Mantooth will lead a team of researchers from the University of Georgia, the University of Illinois at Chicago, Texas A&M University-Kingsville, the National Renewable Energy Laboratory, Argonne National Laboratory and General Electric. Two Arkansas companies, Ozarks Electric Cooperative and Today’s Power Inc. (TPI), will also contribute to the project.

The research will focus on developing cybersecurity systems for photovoltaic energy technology and devices, especially solar photovoltaic inverters, the power electric devices that link solar power arrays to the grid. Researchers will address issues such as supply-chain security, real-time instruction detection methods, identifying and mitigating vulnerable spots, control system security and safety protocols.

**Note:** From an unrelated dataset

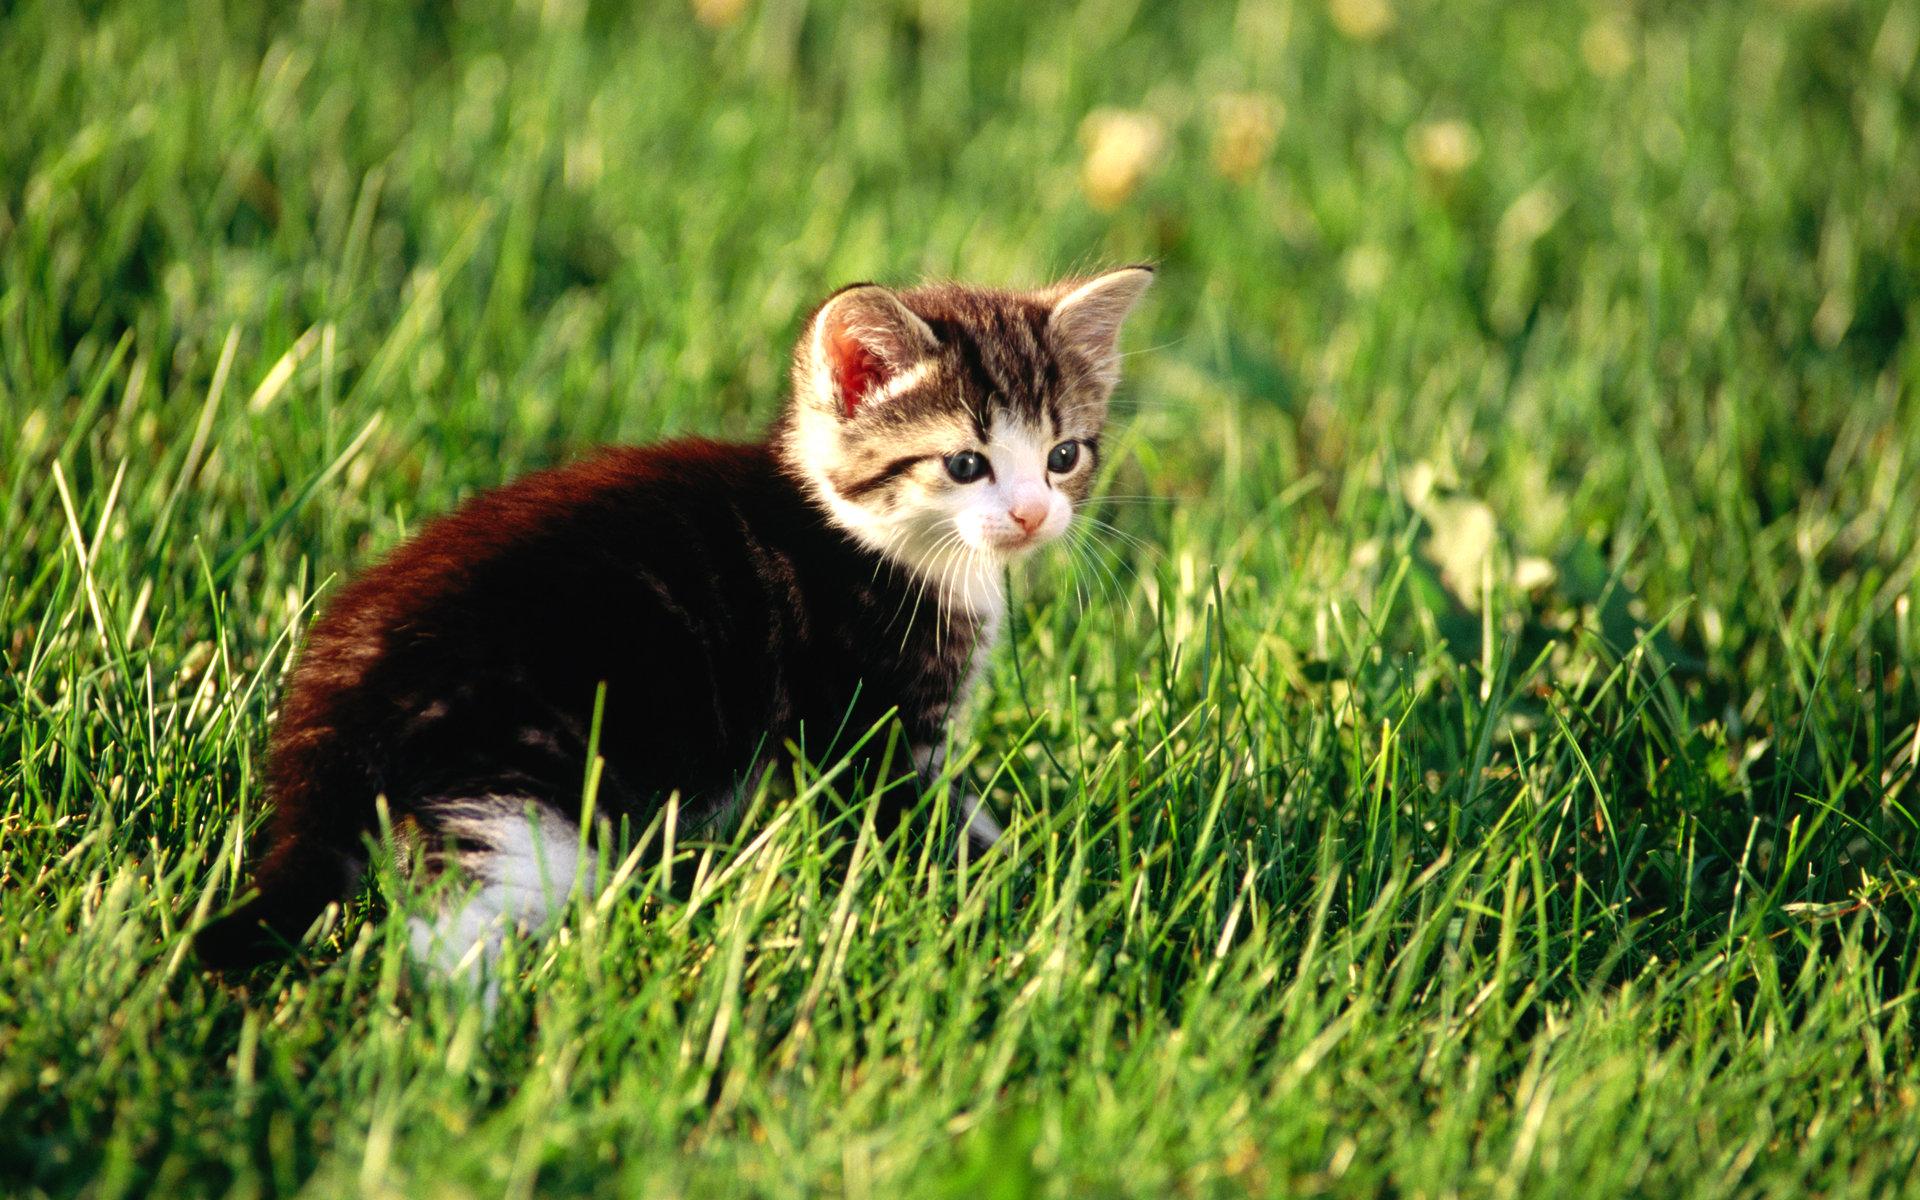 毛绒可爱猫宝宝写真壁纸图片动物壁纸动物图片素材桌面壁纸

The project, Multilevel Cybersecurity for Photovoltaic Systems, is part of the Solar Energy Technologies Office Fiscal Year 2019 funding program, an effort to invest in new projects that will lower solar electricity costs, while working to increase solar manufacturing, reduce red tape and make solar systems more resilient to cyberattack, according to a news release. The project will help to improve the ability of grid operators to integrate greater amounts of solar generation onto the grid in a cost-effective, secure, resilient and reliable manner, the release shows.

Mantooth is the executive director of the National Center for Reliable Electric Power Transmission (NCREPT), the highest-powered power-electronics test facility at any U.S. university. He is also executive director of the Cybersecurity Center for Secure Evolvable Energy Delivery Systems, a consortium of university and industry partners focused on protecting the U.S. power grid from cyberattacks. The center receives money from the Department of Energy and the Department of Homeland Security. Its researchers have developed several detection and mitigation algorithms for the electric grid sector and power electrics-based methods, including control boards and power routers along with software modules that control these systems.

Other contributors to the project include: Jia Di, professor of computer science and computer engineering; Qinghua Li, associate professor of computer science and computer engineering; Chris Farnell, managing director and test engineer for NCREPT; and several students.

Mantooth also is an Arkansas Research Alliance fellow and the Twenty-First Century Research Leadership Chair in the College of Engineering.